Fit a linear model with the goal of predicting average professor evaluation score
based on average beauty rating (bty_avg
) and gender
. Write out the linear model, and note \(R^2\) and adjusted \(R^2\).
Interpret the slope and intercept of the model in Exercise 3 in context of the data.
What is the equation of the line corresponding to male professors for the model in Exercise 3?
For two professors who received the same beauty rating, which gender tends to have the higher course evaluation score?
How does the relationship between beauty and evaluation score vary between male and female professors?
How do the adjusted \(R^2\) values of the models from Exercises 2 and 3 compare? What does this tell us about how useful gender
is in explaining the variability in evaluation scores when we already have information on the beauty score of the professor?
Compare the slopes of bty_avg
under the two models. Has the addition of gender
to the model changed the parameter estimate (slope) for bty_avg
?
Create a new model called m_bty_rank
using rank
and bty_avg
to predict score
. Write the equation of the linear model and interpret the slopes and intercept in context of the data.
Going forward, only consider the following variables as potential predictors: rank
, ethnicity
, language
, age
, cls_perc_eval
, cls_did_eval
, cls_students
, cls_level
, cls_profs
, cls_credits
, bty_avg
.
Which variable on its own would you expect to be the worst predictor of evaluation scores? Why?
Check your suspicion from the previous exercise by fitting a linear model with that variable as the single predictor. Explain if your suspicion is warranted based on some result from the model.
Suppose you wanted to fit a full model with the variables listed above. If you are already going to include cls_perc_eval
and cls_students
, which variable should you not include as an additional predictor? Why?
Fit a full model with all predictors listed above (except for the one you decided to exclude) in Exercise 13.
Use function step()
. You’ll need to look at the help to see how to set it up for backward elimination. In your code chunk set results = “hide”
to suppress the traced steps in the backward elimination process.
Use backward elimination with AIC as the criterion to determine the best model. You do not need to show all steps in your answer, just the output for the final model. What are the \(R^2\) and adjusted \(R^2\) values.
Interpret the slopes of one continuous and one categorical predictor based on your final model.

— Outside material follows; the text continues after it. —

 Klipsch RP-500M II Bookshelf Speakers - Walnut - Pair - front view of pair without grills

Explain how you would assess if the linearity assumption is satisfied for this final model. Would it still make sense to use this model if the linearity assumption was severely violated?
Would you be comfortable making predictions with this model for professors at any university? Why or why not?

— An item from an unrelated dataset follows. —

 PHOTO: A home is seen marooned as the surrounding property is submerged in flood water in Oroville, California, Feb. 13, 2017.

Knit to PDF to create a PDF document. Stage and commit all remaining changes, and push your work to GitHub. Make sure all files are updated on your GitHub repo.
Please only upload your PDF document to Gradescope. Associate the “Overall” graded section with the first page of your PDF, and mark where each answer is to the exercises. If any answer spans multiple pages, then mark all pages.
Only one team member needs to submit for the group. After you hit submit, go to View or edit group and select all your team members from the drop-down menu.